The One Parenting Rule You Should Never Break (except when you’ve really put your foot in it)
This bedrock of reliable parenting builds agency, character and trust.
Rules are meant to be broken.
Especially by parents.
Stick to routines.
Yes, but there are times when it’s good to shake things up for a day or two. School holidays, long weekends and busy periods call for a break from the daily routine.
Be consistent with boundaries.
Yes, but developmental transition stages (e.g. child to teen) often require some give-and-take with the limits we set.
Expect kids to do chores.
You bet, but there are times, such as when a child’s life is super stressful, when a temporary reprieve from chores is a much-appreciated circuit-breaker.
Kids aren’t robots, and neither are you.
There are times when your usual way of doing things goes out the window.
But there is one rule that’s not for breaking. Do as you say you will.
What Does It Mean to “Do As You Say You Will”?
Do as you say you will is the bedrock of firm, kind, reliable parenting.
It is the bridge between your words and your actions.
Whether you offer a reward for a job well done or establish a logical consequence for misbehaviour—you must see it to completion.
It is not about being rigid or harsh; it is about being predictable.
When you say something, it must be true.
Doing as you say you will is not only about credibility; it’s the basis of the most important element in any relationship - trust.
The Heat of the Moment Caveat
There’s one exception.
Your child is pushing every button you have, and in a flash of frustration, you blurt out something ridiculous: “If you don’t behave right now, I’m cancelling Christmas for you this year!”
You don’t mean it. You can’t do it, and you know it.
If you force yourself to “do as you say you will” in response to an outlandish threat, you end up being cruel or irrational, which damages your relationship.
When you do slip up, own it immediately: “I said that because I was angry, and it wasn’t a fair thing to say. What I am actually going to do is [state a reasonable, enforceable consequence].”
This shows your child that you are human, but also that you are a person of integrity who corrects their own mistakes.
Why You Should Never Break It
When you fail to do as you say you will, you inadvertently teach your child that your words are negotiable.
If a child realises that a “no” today might turn into a “yes” tomorrow if they push hard enough, they lose their sense of security.
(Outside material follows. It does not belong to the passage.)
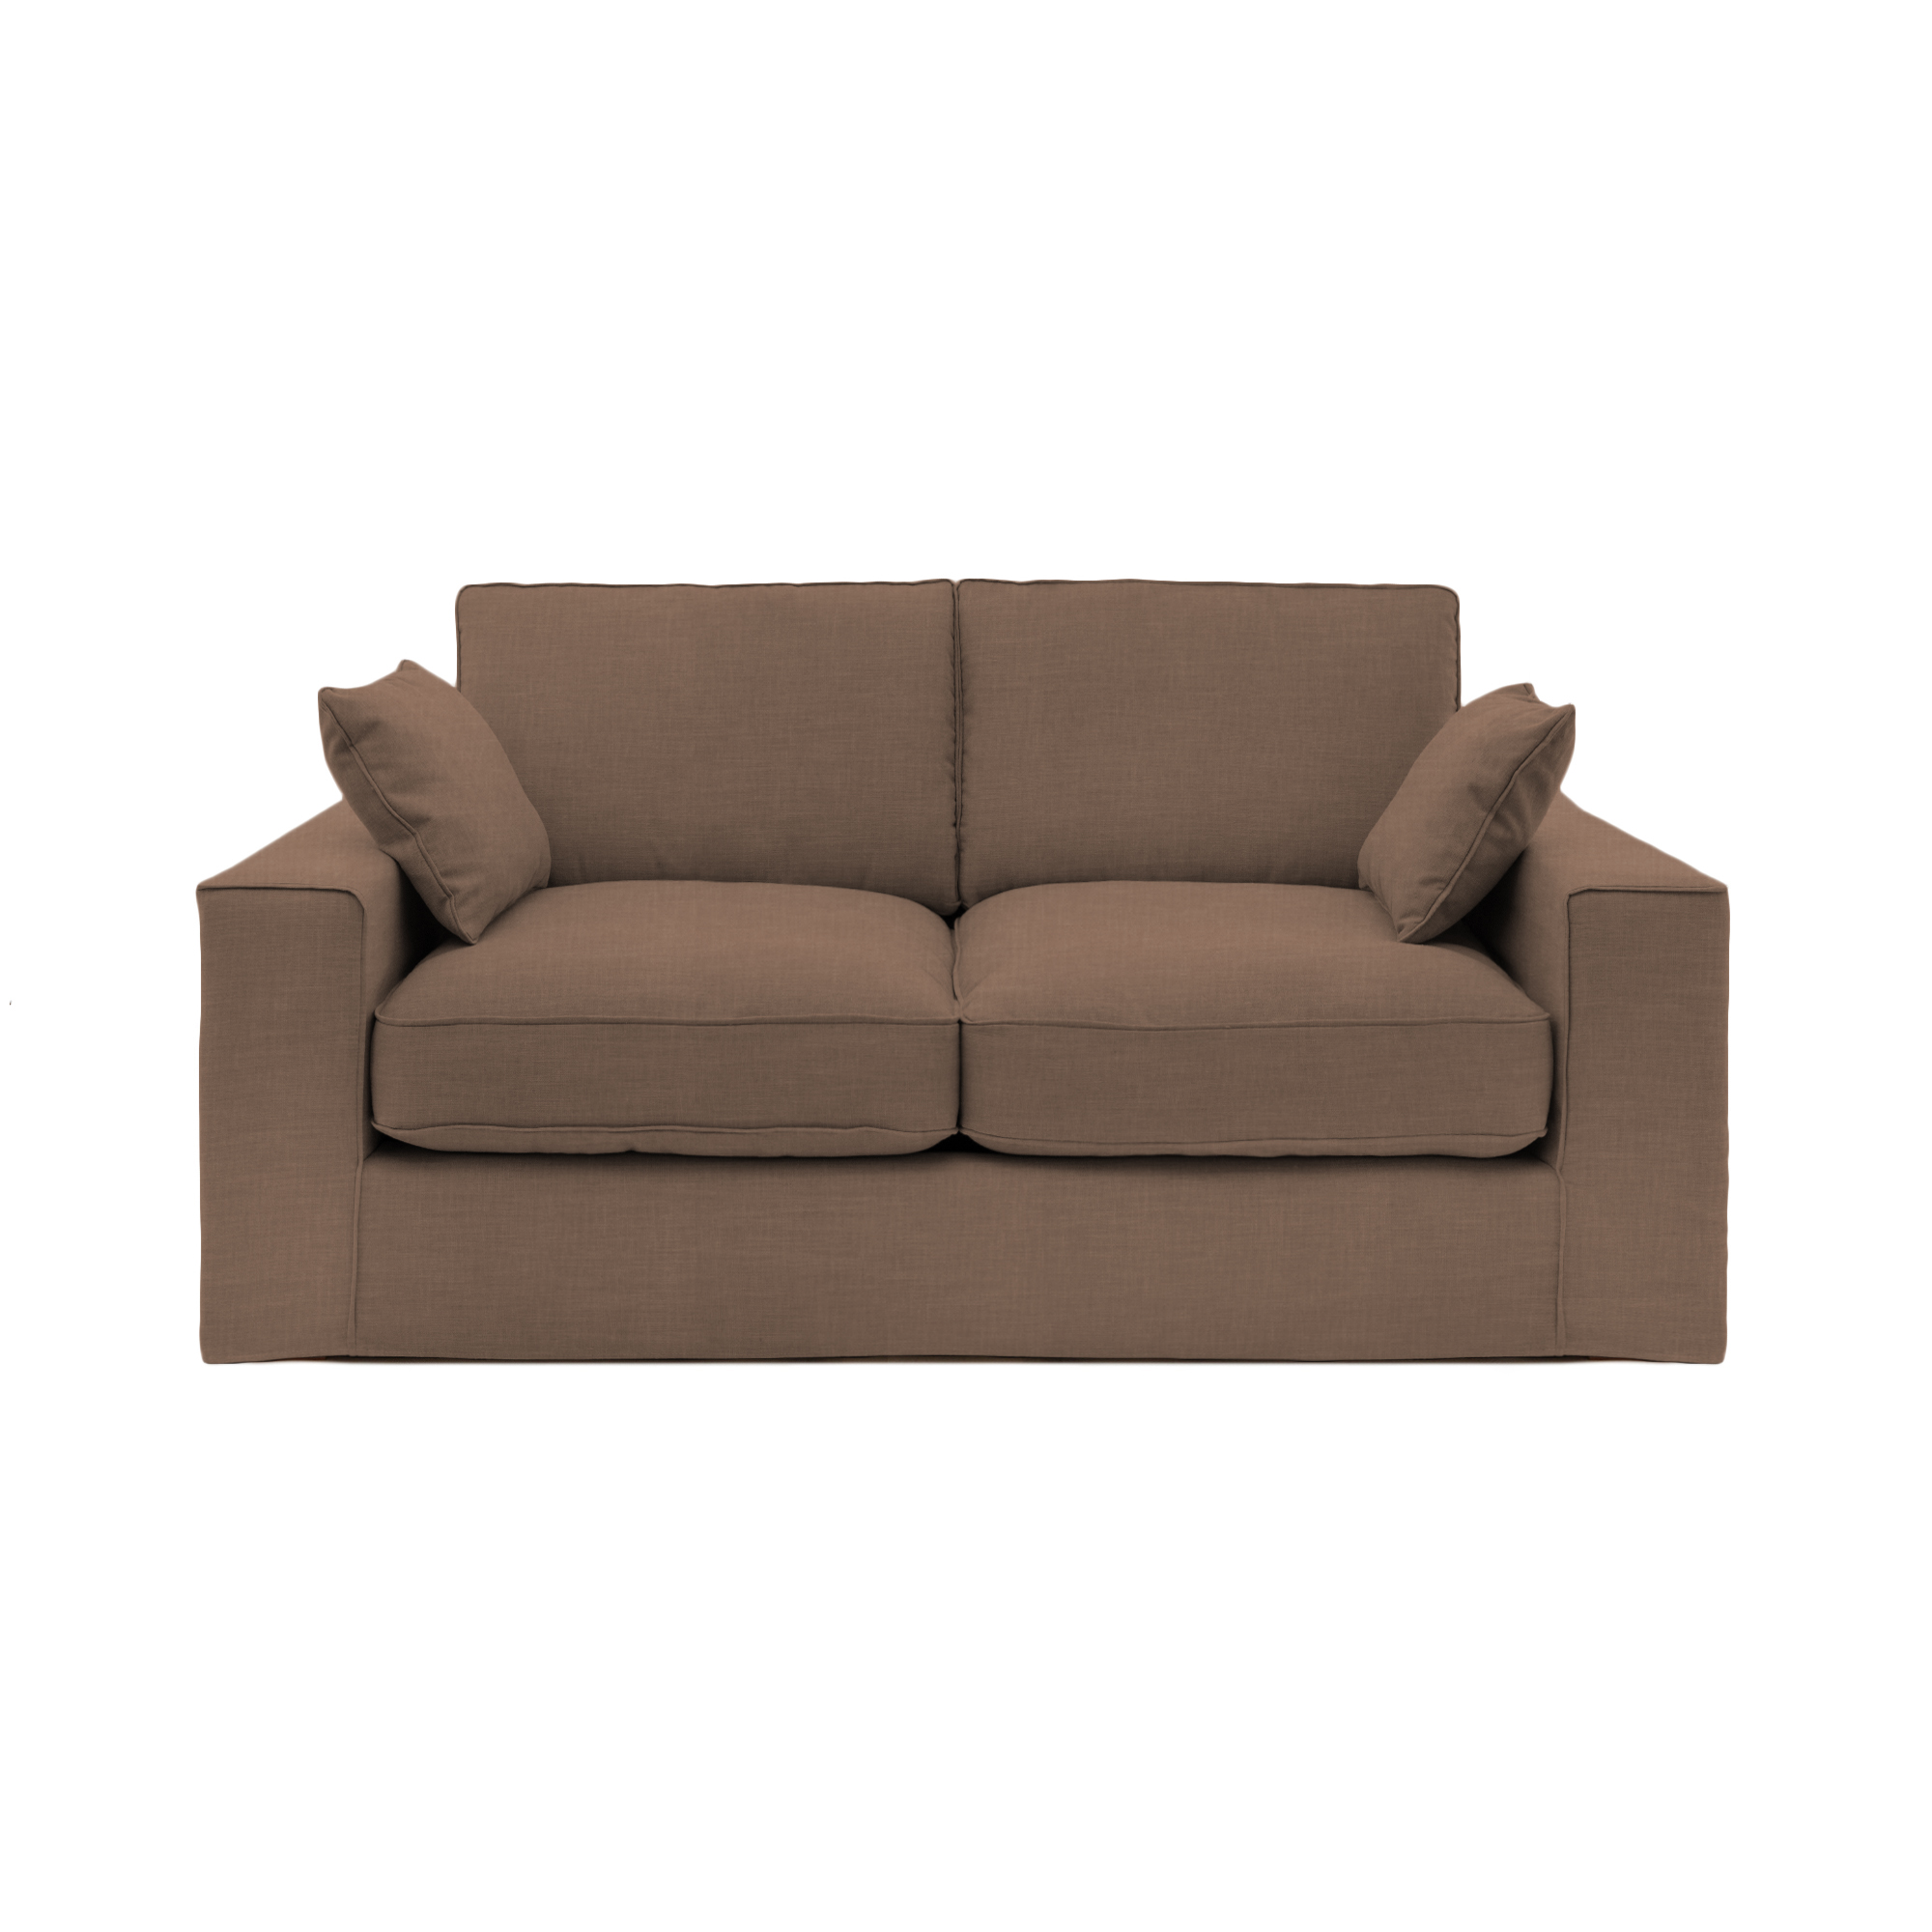 Canapea Fixa 3 locuri Jane Brown

It’s also an invitation for young bush lawyers to step up to the plate and start doing a deal with you.
“If I have to miss tomorrow’s game, then it’s only fair that I get to watch two games next week.”
No, it’s not!
When the rules of the house feel like a moving target, children have to constantly test the perimeters to find out where the true boundaries are.
Life then becomes even messier for parents.
It doesn’t foster agency (your ultimate goal); it fosters manipulation and uncertainty.
By failing to stick to your word, you are creating a power struggle where one shouldn’t exist.
Doing As You Say You Will Has Many Benefits.
When you commit to doing as you say you will, you provide your child with a stable map to follow.
Following through is essential for your child’s healthy development because it:
1. Builds Trust
Integrity is the foundation of every relationship.
When your child knows that you mean exactly what you say, they learn to trust your guidance.
They don’t have to wonder if they can “talk you out of it.”
2. Encourages Responsibility
Children who understand that actions have consistent, predictable consequences learn to take ownership of their choices.
They stop blaming others (including you) and start to understand cause and effect.
Importantly, they learn through experience (as most boys do) that actions have consequences.
3. Reduces Emotional Volatility (better known as meltdowns)
Knowing exactly what to expect calms a child’s nervous system.
When the rules are consistent, they don’t waste their energy testing you.
Instead, they can use their energy to learn, play, and develop their own character.
4. Models Integrity
We often underestimate the long-term impact of conscious modelling, which is one of my favourite parenting tools.
It’s how kids learn about character and values.
By modelling the idea that your word is a commitment, you teach your child an important lesson in personal accountability and reliability.
Finally
You can be flexible with your schedule, show grace with chores, and change your mind about the small stuff.
But your word is ironclad.
When you say it, mean it. When you mean it, do it.
That is the one rule that ensures your children feel safe enough to grow, confident enough to challenge themselves, and respected enough to eventually lead themselves.